▶ [WHAT TO PRODUCE]:
Please transcribe the data that follows without the pictures, keeping every word the same.

▶ [DATA EXTRACT]:
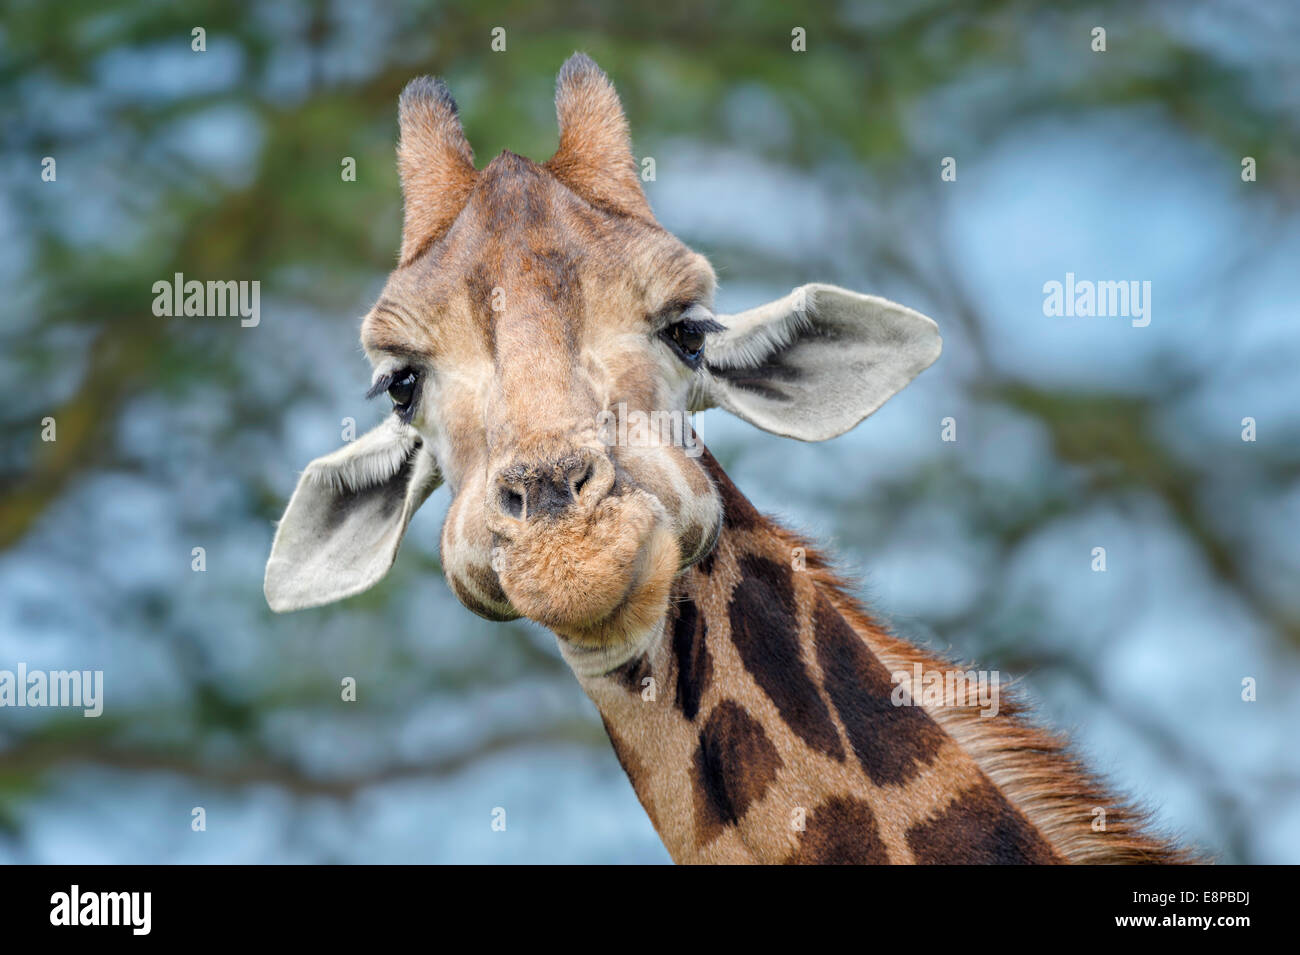 Goofy giraffe looking down and into camera Stock Photo
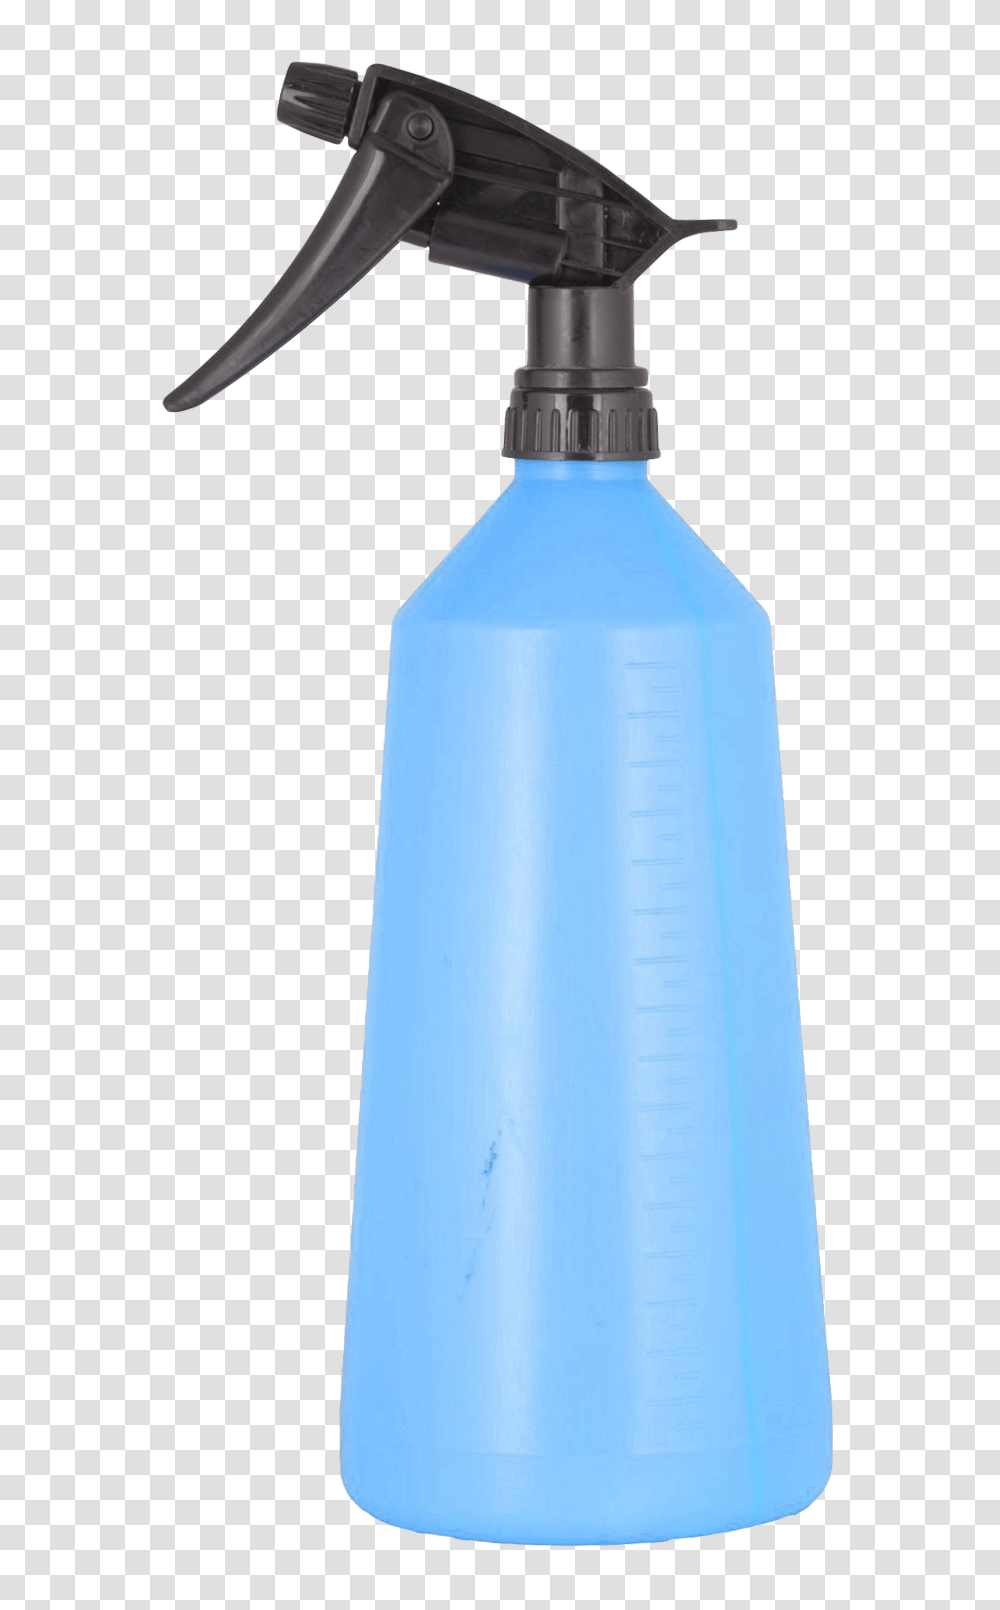 Spray Bottle Image, Cylinder, Lighting, Light Fixture, Spray Can Transparent Png
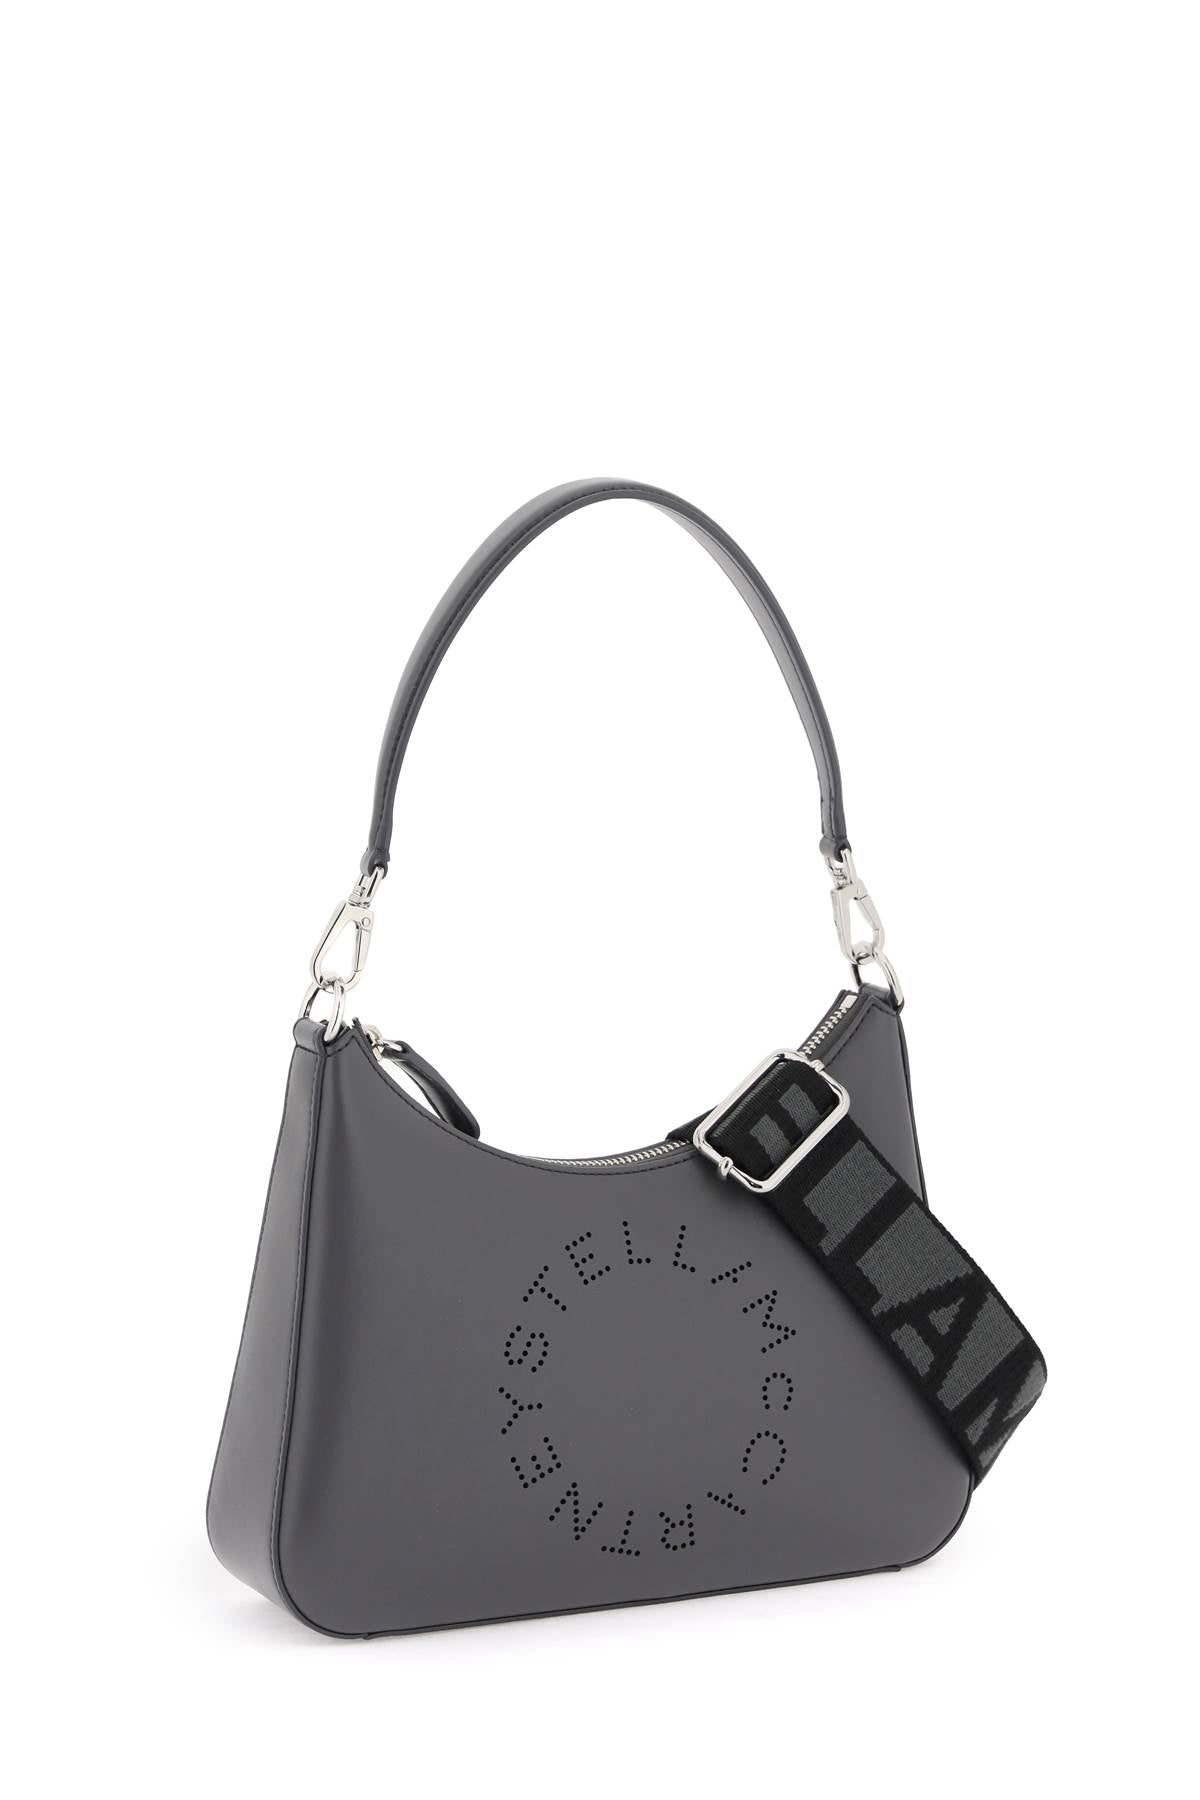 STELLA MCCARTNEY Small Gray Logo Shoulder Handbag with Convertible Crossbody Strap

▶ [ANSWER SPACE]:
 Goofy giraffe looking down and into camera Stock Photo
 Spray Bottle Image, Cylinder, Lighting, Light Fixture, Spray Can Transparent Png
 STELLA MCCARTNEY Small Gray Logo Shoulder Handbag with Convertible Crossbody Strap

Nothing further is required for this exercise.